Search code examples
pythonpython-3.xspeech-recognitionspeech-to-textcmusphinx

Python avoid file IO with speech_recognition or PocketSphinx libraries


I often have a problem when dealing with Python libraries which have methods requiring file paths as parameters. This is an issue when I have some data in memory that I want to use with the library function. What I end up doing in these cases is:

  1. write a temporary file containing the data.
  2. pass the temporary file path to the library function.
  3. remove the file after the function returns.

This works well enough, however, for time sensitive applications the file IO involved with writing to and reading from the temporary file is a deal breaker.

Does anyone have any solutions to the problem? I would think that there is no one size fits all solution here but I don't want to make any assumptions. However, let me describe my current use case and hopefully someone will be able to help me with that specifically.

I am using the speech_recognition library to convert a large number of audio files to text. I have the data for the audio files in a binary form. Here is my code:

from os import path, remove

from scipy.io.wavfile import write

import speech_recognition as sr

audio_list = ... # get the audio

text_list = []

for item in audio_list:

        temp_name = 'temp.wav'
        # create temporary file, writing it as a wave for speech_recognition to read
        write(temp_name, rate, item)

        audio_file = path.join(path.dirname(path.realpath('__file__')), temp_name) 

        recognizer = sr.Recognizer()

        # this is where I need to have the path to the file
        with sr.AudioFile(audio_file) as source:
            audio = recognizer.record(source)
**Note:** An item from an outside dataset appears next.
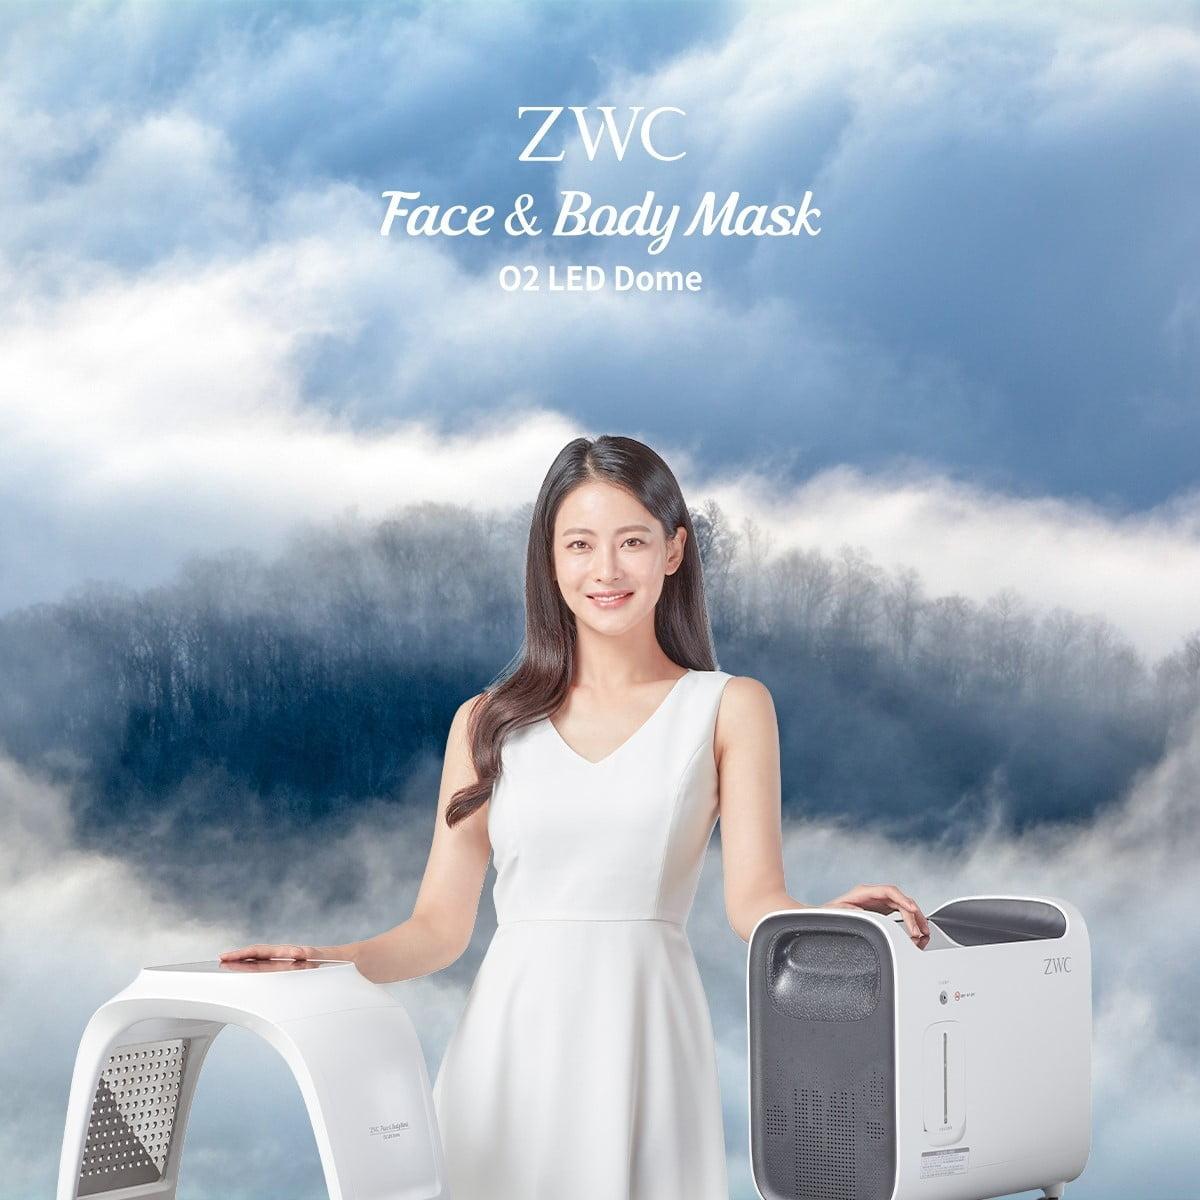 자이글 ZWC `페이스&바디 마스크(산소LED돔)`의 고농도 산소 케어, 삶의 질을 높이는 방안으로 주목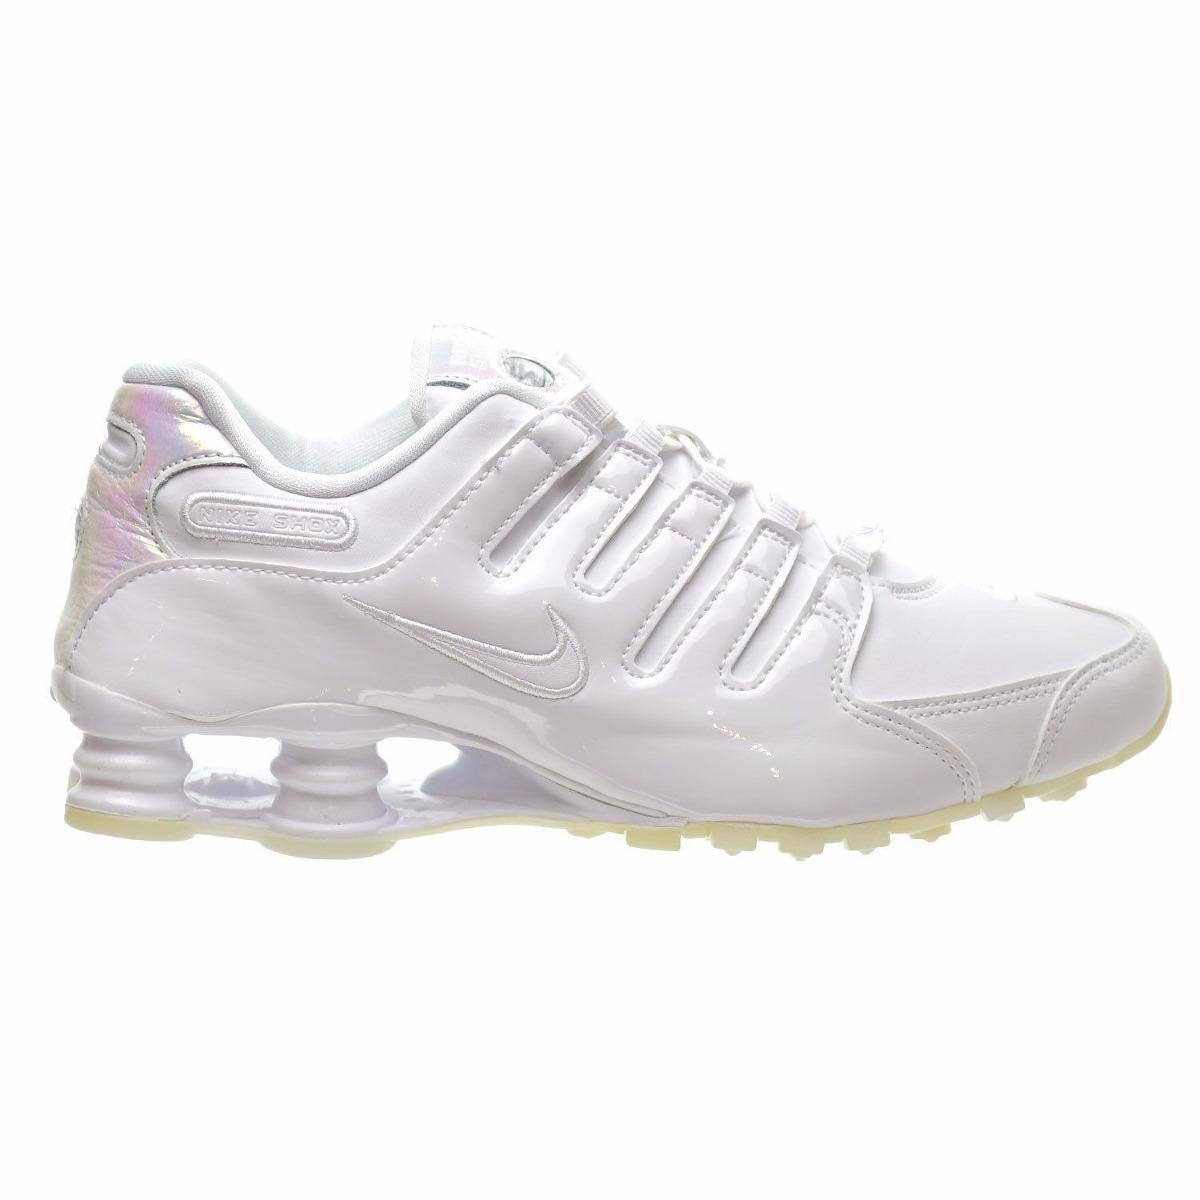 ca6a3909670 tênis nike shox nz feminino branco 636088-115 original. Carregando zoom.

        text = recognizer.recognize_sphinx(audio)
        text_list.append(text)

        remove(temp_name) 

The speech_recognition library uses PocketSphinx as a backend. PocketSphinx has its own Python API but I was unable to have any luck with that either.

Can anyone help me reduce this file IO?


Solution

  • The sr.AudioFile constructor also accepts a 'file-like object', and SciPy should be able to write to one. In your case, it sounds like io.BytesIO would be a good fit. It is a file-like object built around an in-memory buffer.

    Make one, then use it like you would any other file-like object:

    import io
    
    ...
    
    buffer = io.BytesIO()
    
    ...
    
    write(buffer, rate, item)
    
    ...
    
    with sr.AudioFile(buffer) as source:
        audio = recognizer.record(source)